SALEM — Oregon Democrats on Monday pitched a flurry of last-minute changes to their plan for a major new corporate tax, desperately seeking a version that can draw enough votes to pass as the legislative session enters its last few weeks.

Lawmakers introduced three variations of a slimmed-down gross receipts tax on businesses that, at least for the first four years, would raise much less new money than previous proposals.

And, for the first time, the joint committee on tax reform also formally entertained a different concept. That version would forgo any type of new gross receipts tax and instead raise more money by increasing the state’s existing corporate income tax.

The two directions illustrate a tactical split between Senate Democrats and more liberal House Democrats as they try to address the state’s short- and long-term budget crunches by imposing a new tax on businesses.

The state faces a $1.4 billion hole in its upcoming two-year budget and expects further budget pain in later years because of rapidly rising expenses, including growing pension costs for government employees and Medicaid costs for low-income residents.

Many House Democrats want a formal floor vote on some form of gross receipts tax, even if the bill is highly unlikely to pass the Senate and may even be voted down in the House. Democrats need at least one Republican vote in both chambers for the new tax.

“What we need is a substantial, game-changing (tax) to raise enough revenue to fund our public services,” said Rep. Phil Barnhart, a Eugene Democrat and committee co-chairman. “Oregon is on the way to being a Third World country.”

Barnhart said it’s unclear, for now, which variation of the gross receipts tax the House might vote on. The plans vary from raising $410 million to $900 million in new revenues in 2017-19, but they all would raise about $1 billion when fully phased in in 2019-21.

“We have to have the courage to take that vote,” Barnhart added.

But Sen.
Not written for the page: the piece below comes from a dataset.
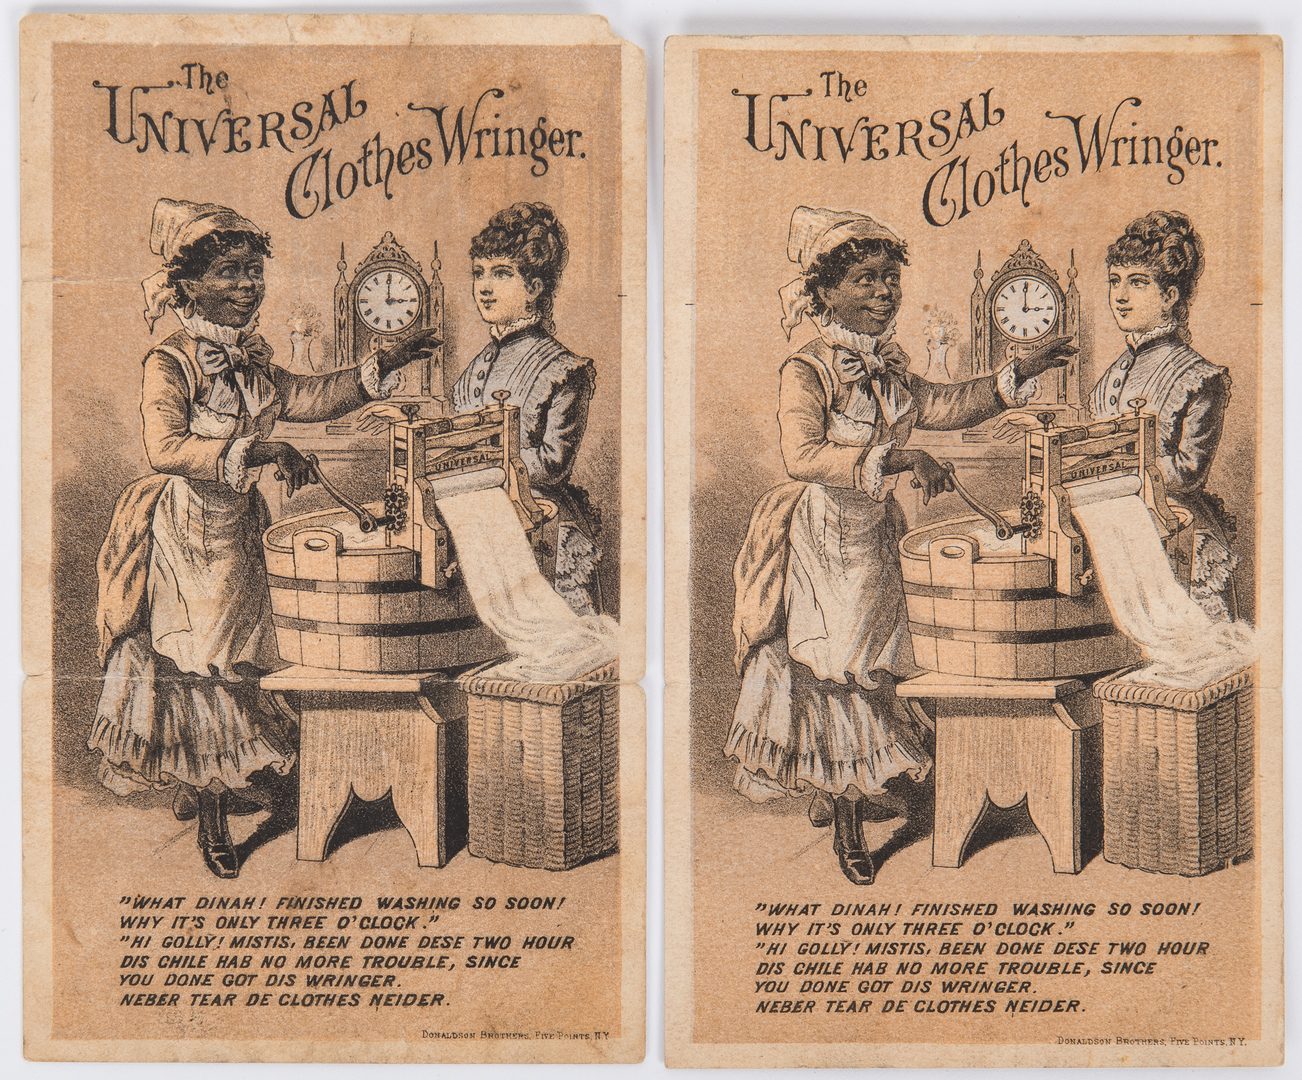 Lot 414: Collection of 767 Trade Cards, incl. Coffee & Cigarette
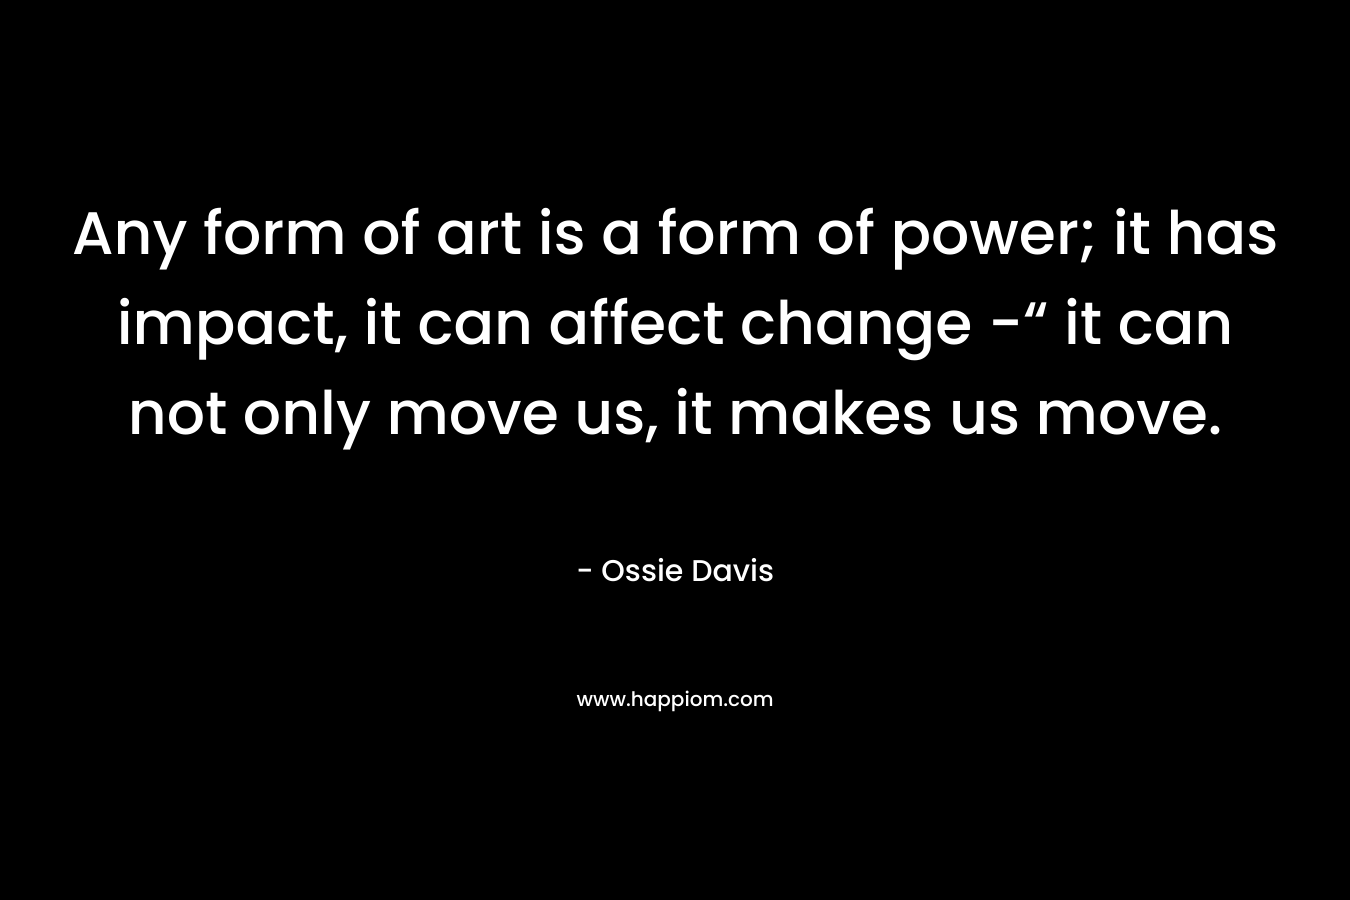 Any form of art is a form of power; it has impact, it can affect change -“ it can not only move us, it makes us move.

Mark Hass, a Beaverton Democrat and key crafter of the tax proposal in the Senate, indicated on Monday he was open to shifting gears.

With any gross receipts tax vehemently opposed by Republican lawmakers, Hass said the plan to simply increase the corporate income tax was likely more viable for now.

“I’m looking for something that helps with education funding and can get through the building,” he said.

The new proposal would increase the existing corporate income tax rates by 1.4 percentage points to 8 percent for profits less than $1 million and 9 percent for profits more than $1 million. It would raise an estimated $530 million in 2017-19.

“If (a gross receipts tax) is so divisive that it’s going to set the Legislature on fire, I’m open to something more inclusive,” Hass said.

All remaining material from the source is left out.